I've got the core functionality of the design up and running, and everything seems reasonable at this point. The current draw at 16V is 140 mA, so battery life with 21700 cells should be 24h with margin. I am waiting on a trim resistor to get the +10V reference voltage to 10.48576 V to give a 10 uV LSB for the 10V range. The low voltage part is very quiet and has a range of +/- 100 mV (or less, depending on the reference SW position), so I should be able to also get INL tests for the low range of the 3458 and my NVM in the future.
I've included the results from the only real test I have run so far, including the raw data if anyone wants to play around with it. The DUT is my 3458A. I used 50 DAC codes evenly spaced in a random order. For each code, I measured voltage at each of the eight possible switch settings (DAC,GND; CT,GND; DAC,CT; CT,CT + the reverse). For each setting, I took 20 samples at 100 NPLC, kept the last 16, and recorded the average and standard deviation of those 16. I ran ACAL right before the run, but it's been a while since I did a short calibration, so null is a bit off. The total run time was about 7 hours.
For future tests, I will see if it is actually important to randomize the order of the codes. I suspect it is not because gain drift between codes would be second order effects that would get lost in the noise with any reasonably accurate DUT. I am also going to try random SW position order but maintaining the CT,CT settings as bookends. I do think this will be more consequential.
Standard deviations were reasonably good, averaging about 40 ppb of full scale at the ends and 11 ppb of full scale in the middle. With 16 samples, the total width of the 95% confidence interval is equal to the standard deviation, so getting sufficiently low scatter for moderate order polynomial fits at sub-ppm level should be feasible in 24 hours or less. There reversal errors at the center tap voltages that are in excess of those measured between DAC and GND by several-fold (average is 3-4 uV). I don't know why these should exist other than that they may come from parasitic thermocouples between the leads of the switch. I will try compensating those for future runs by switching the DAC to bipolar references, running codes on either side of zero sequentially, and averaging the error terms for each. I think this will help to avoid confounding non-idealities in the source with DUT nonlinearity.
Anyways, with the sum errors (corrected for offset at CT,CT), there are a couple points that I would probably discard or rerun for a fit, but there is a clear shape to the curve. I subtracted out reversal errors for each voltage in the sum to get "corrected" sum errors. This makes the plot symmetric about the origin, but it's not far off from that uncorrected (less the offset, of course). This correction should cancel out the even-order errors in both source and DUT, which is fine because we can determine the even order terms in the transfer function from the reversal error fit. Just by looking at the corrected sum error plot, it seems the dominant term is fifth order with nonlinearity errors topping out around 50 ppb.
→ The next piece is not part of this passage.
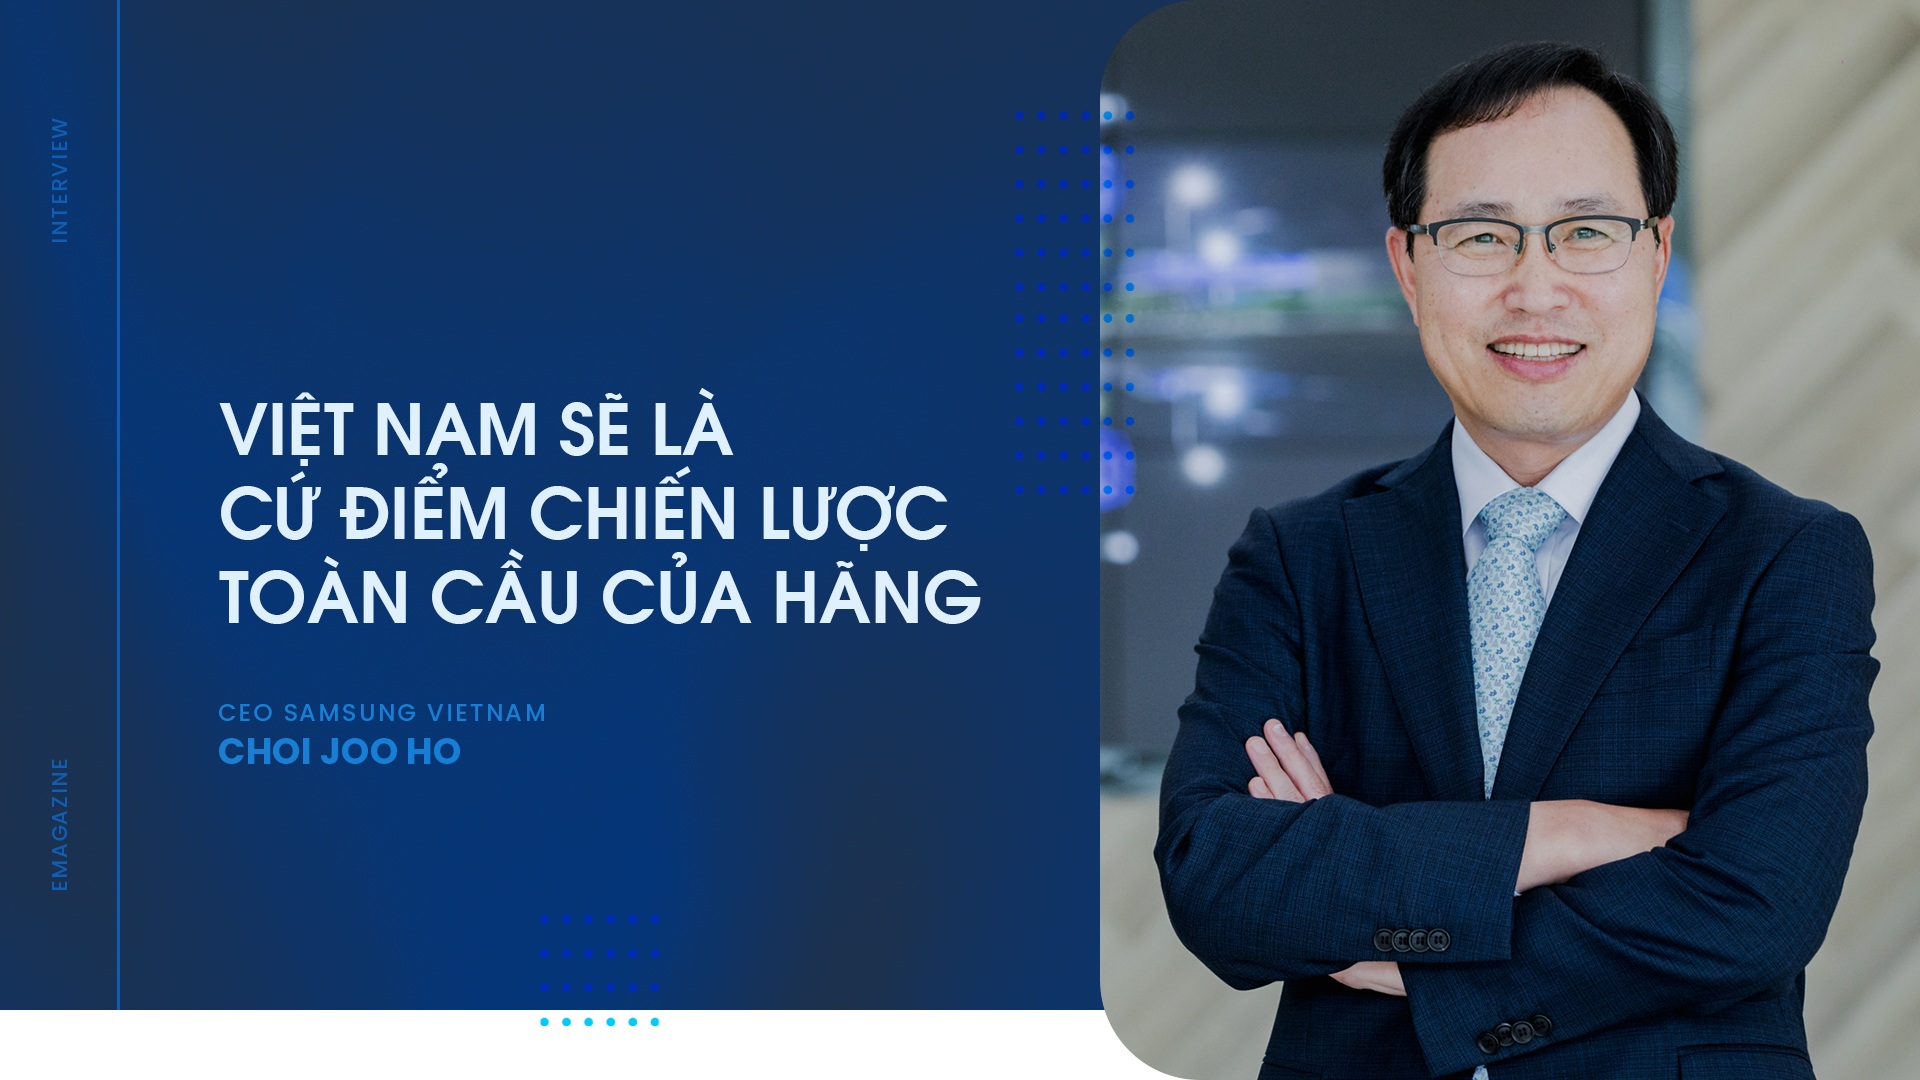 CEO Samsung Việt Nam hé lộ về dự án 220 triệu USD và lời hứa cứ điểm

It will be interesting to see if this shape remains with the bipolar compensation scheme I mentioned. The magnitude of the reversal errors is smaller, and without doing the analysis, my gut feeling is that the experimental power is probably not sufficient to put any even order error terms in an INL model. Overall, I am optimistic that this source could be used to characterize INL down to at least the 0.1 ppm level if the transfer function is well-described by a polynomial fit without too many terms.
I also modeled the DAC linearity error, but this isn't really a good way of measuring it because of the amount of time spent measuring other things and the greater opportunity for drift. Here I saw maximum deviations from linearity of about 22 uV, so 2.2 ppm. I did a quicker run before this, and it was within the DAC11001B's +/- 1 ppm spec.